Plusieurs fois, les descendants du Prophète( qui sont appelés en persan Sâdât-i-Alawi) se révoltèrent contre les injustices du gouvernement, mais chaque fois, ils furent vaincus et mis à mort.

 

Le gouvernement de l’époque, sans aucun scrupule, mit tout en œuvre pour les écraser.
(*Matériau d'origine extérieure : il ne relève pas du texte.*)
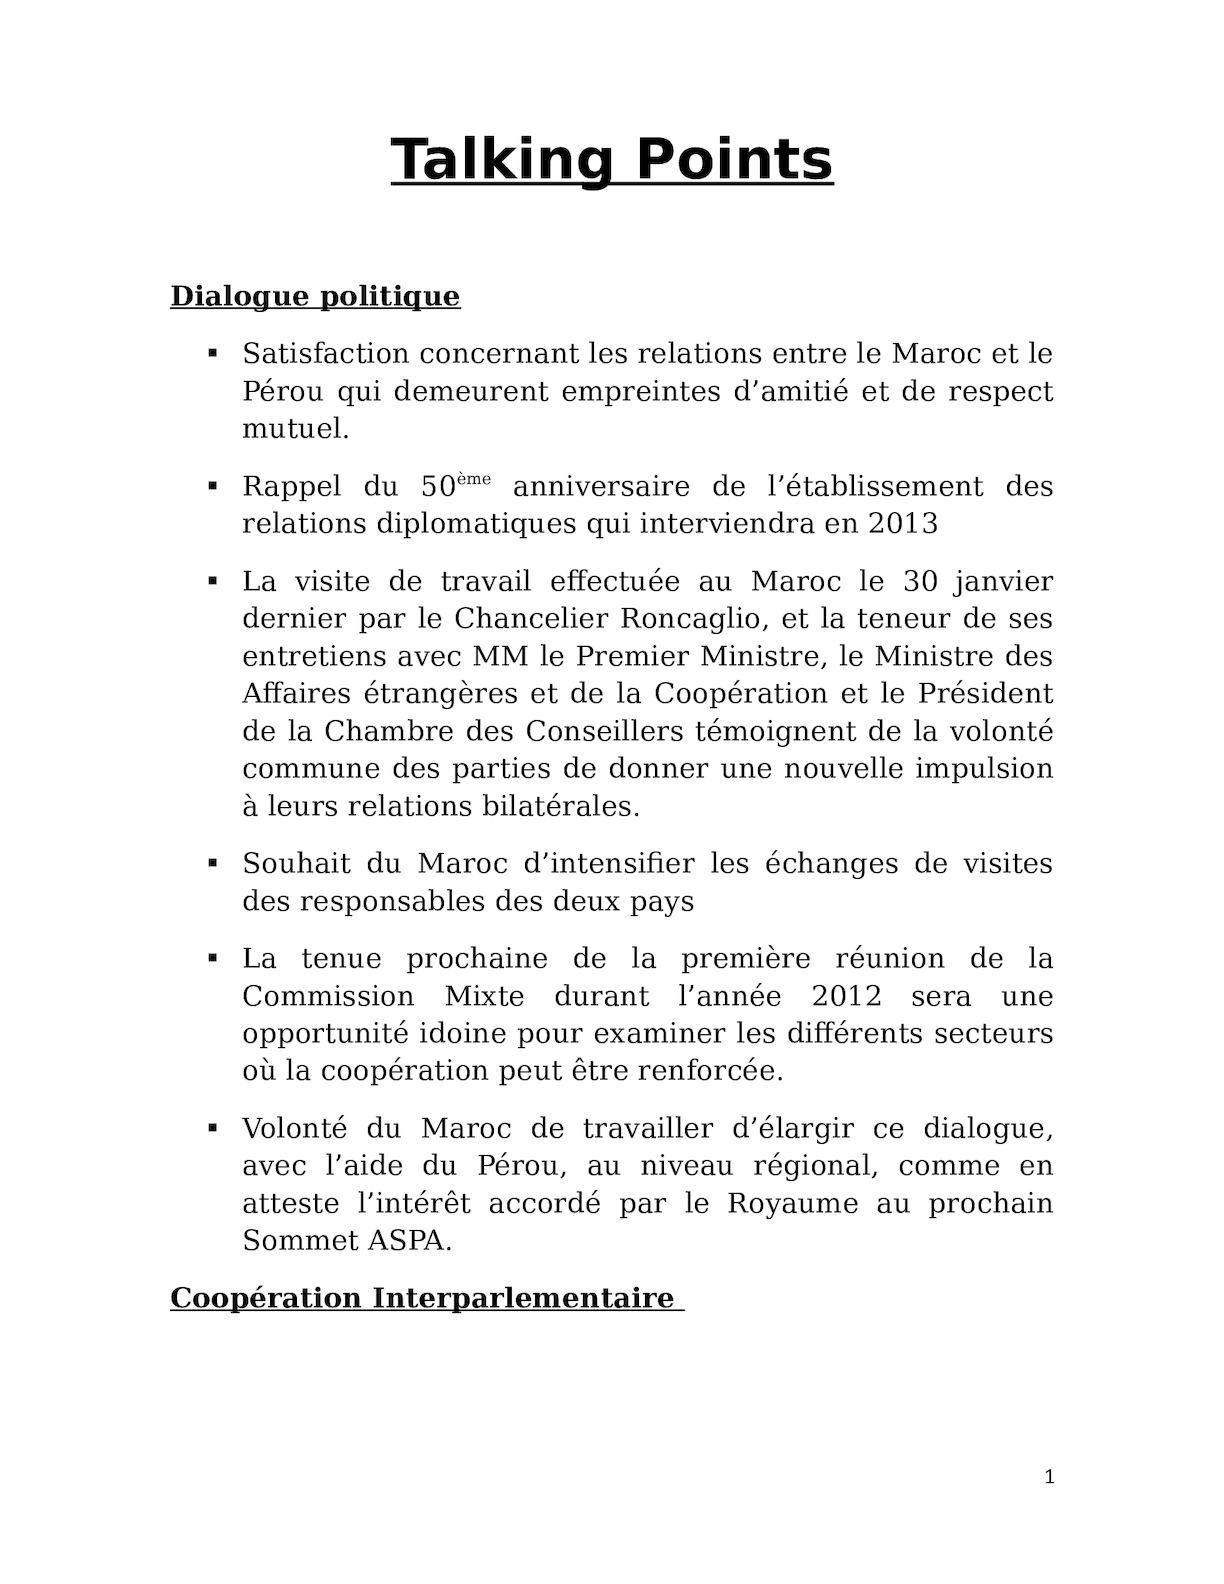 Talking Points Réunion Du 23 02 12
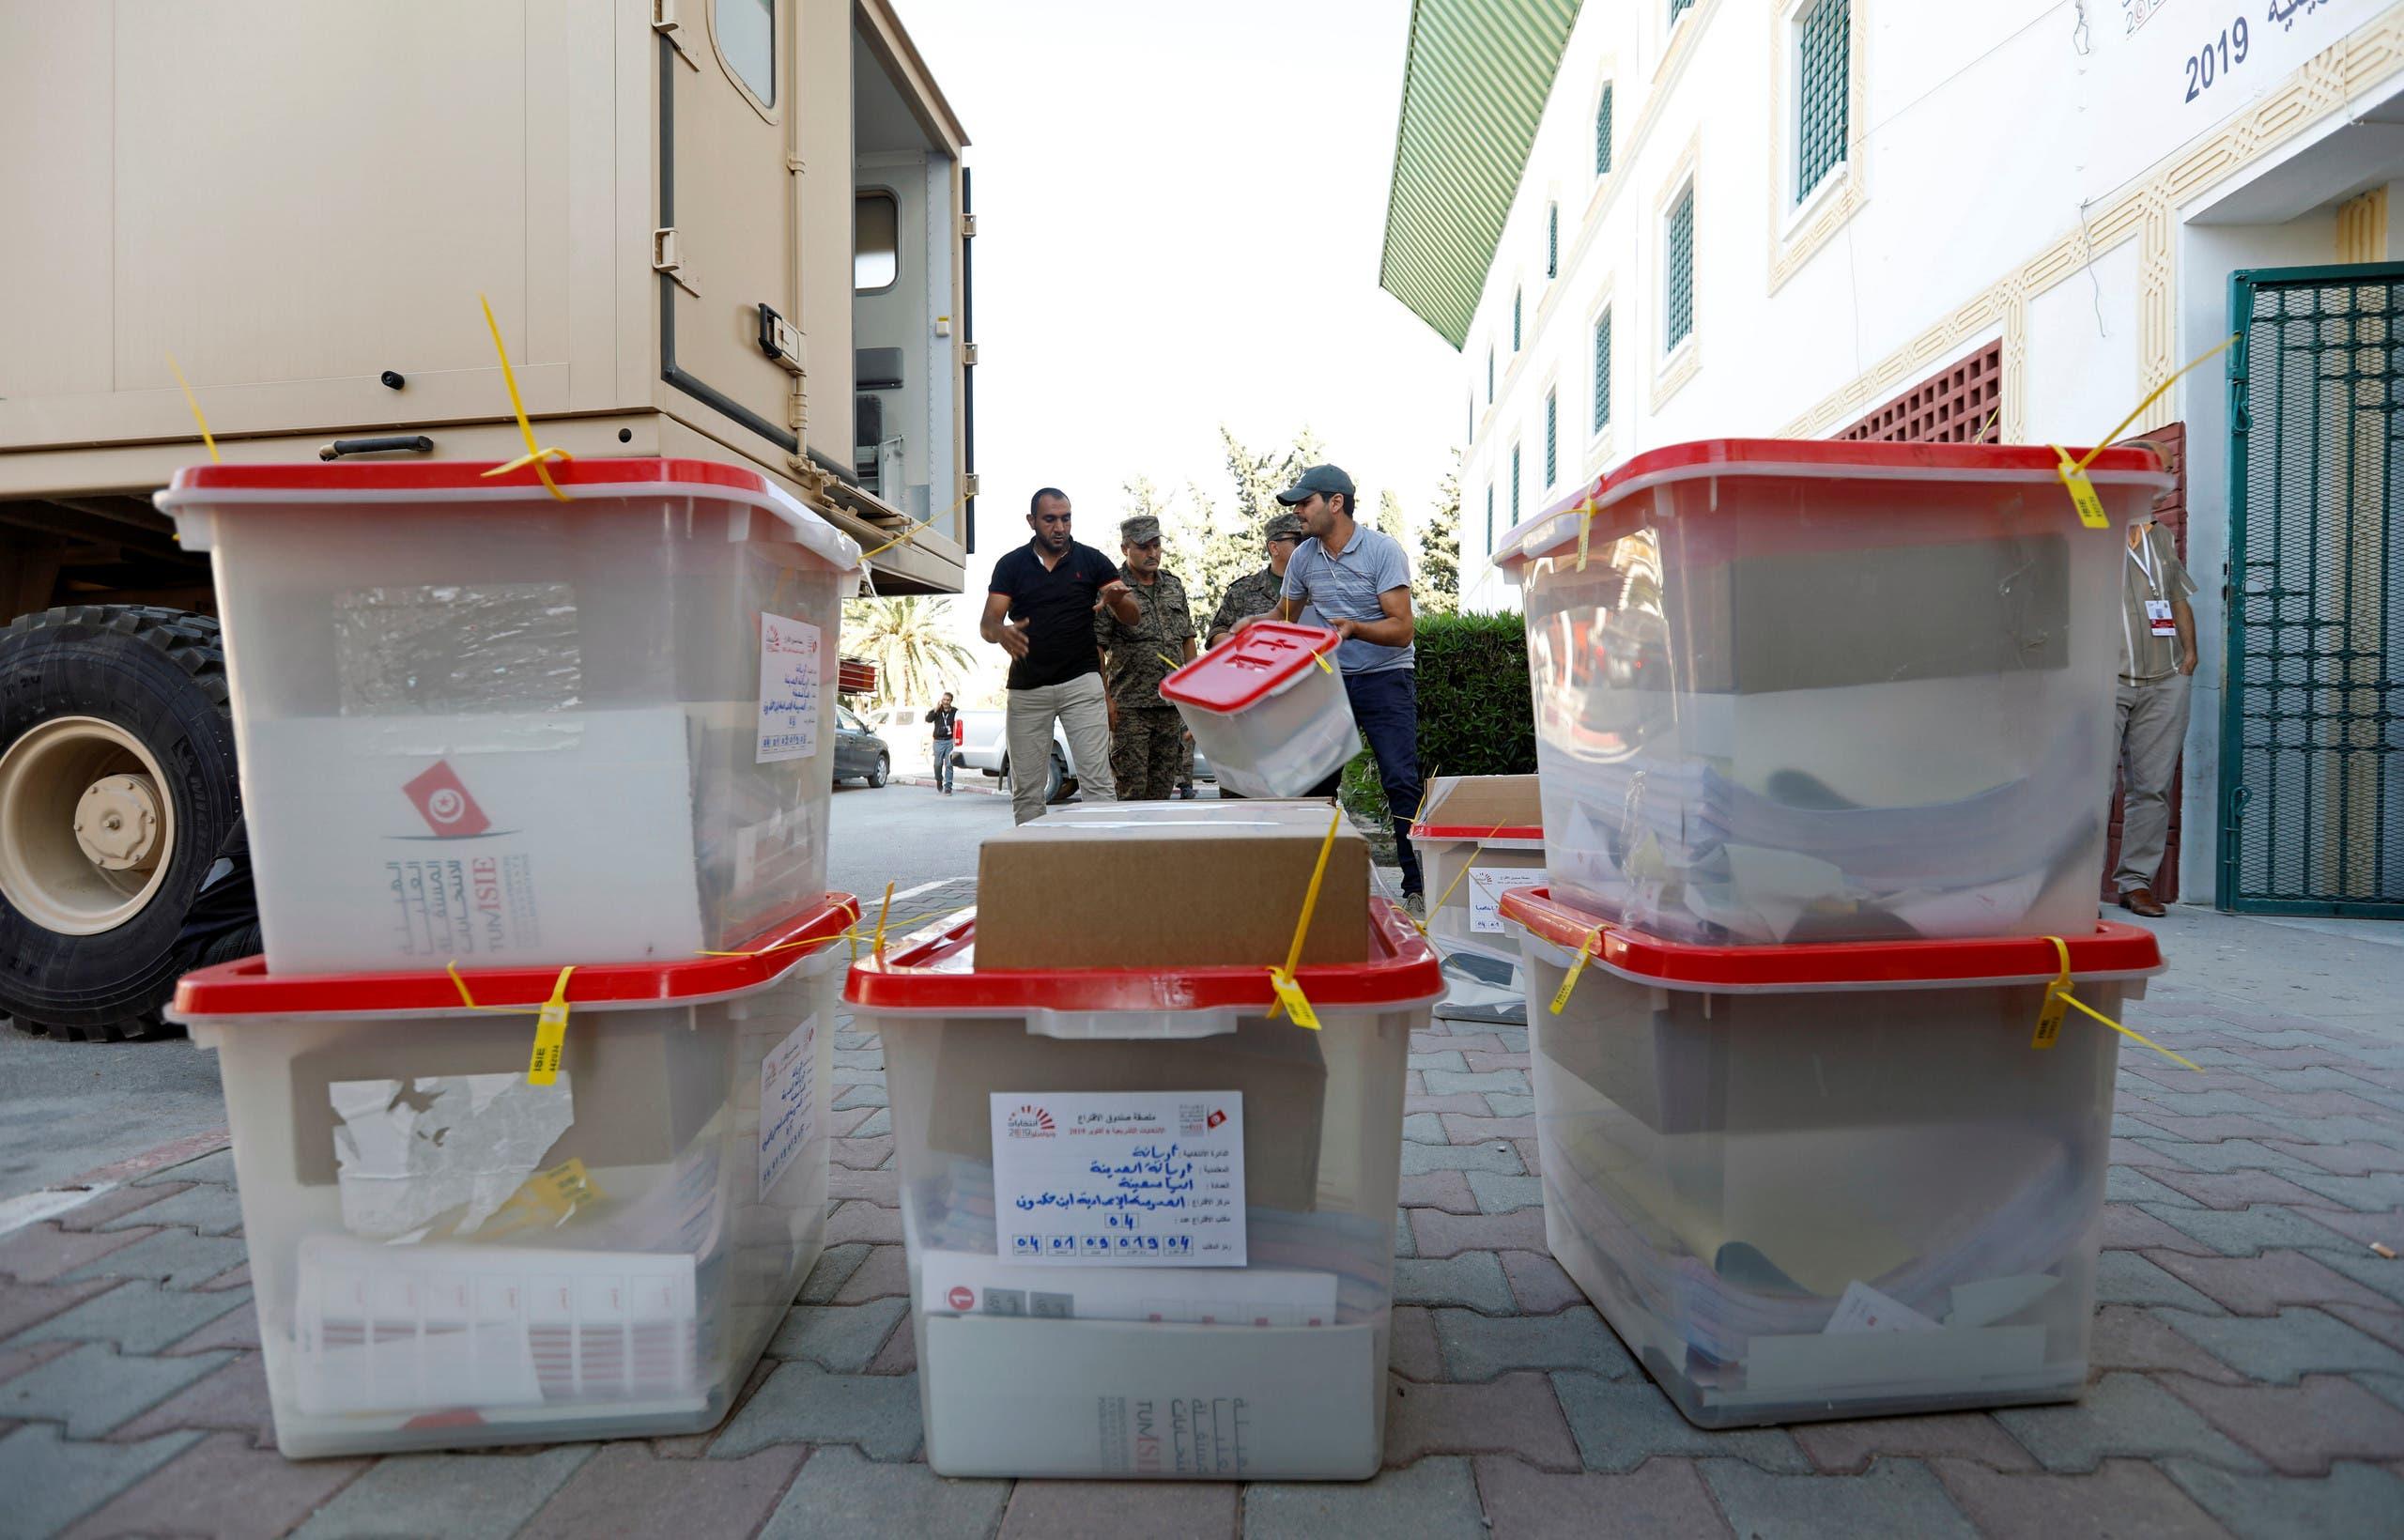 من عملية نقل صناديق الاقتراع قبيل بدء التصويت

Le corps de Zayd, le chef du Chiisme Zaydi, fut déterré et pendu; puis après être resté suspendu au gibet pendant trois ans, il fut décroché et brûlé, et ses cendres éparpillées au vent[7]. Les Chiites croient que les quatrième et cinquième Imams furent empoisonnés par les Omeyyades tout comme avaient été tués auparavant les deuxième et troisième Imams[8].

 

Les malheurs engendrés par les Omeyyades devinrent si évidents que la majorité des sunnites, bien qu’ils crussent en général au devoir d’obéissance envers les califes, ressentirent si fort les affres de leur conscience religieuse qu’ils furent obligés de diviser les califes en deux groupes. Ils en vinrent donc à distinguer les «Califes bien dirigés» (khulafa-u-rashidûn) qui sont les quatre premiers califes succédant au Prophète(Abû Bakr, Omar, Othman, Ali), des autres qui commencent avec Muawiya.

 

Les Omeyyades suscitèrent tant de haine publique en raison de l’injustice, de la lâcheté et de l’inconscience qui marquèrent leur règne, qu’après la défaite définitive et la mort du dernier calife Omeyyade, les deux fils de ce dernier et certains autres membres de sa famille s’échappèrent avec grande difficulté de la capitale. Personne ne voulait leur offrir un refuge. Finalement, après avoir longtemps erré dans les déserts de Nubie, d’Abyssinie et de Badjâwah, où plusieurs d’entre eux moururent de faim et de soif, ils arrivèrent au Sud du Yémen.

 

À partir de là, ils assurèrent leurs frais de voyage en mendiant et se dirigèrent vers La Mecque, vêtus en porteurs. Arrivés à La Mecque, ils se fondirent dans la masse du peuple[9].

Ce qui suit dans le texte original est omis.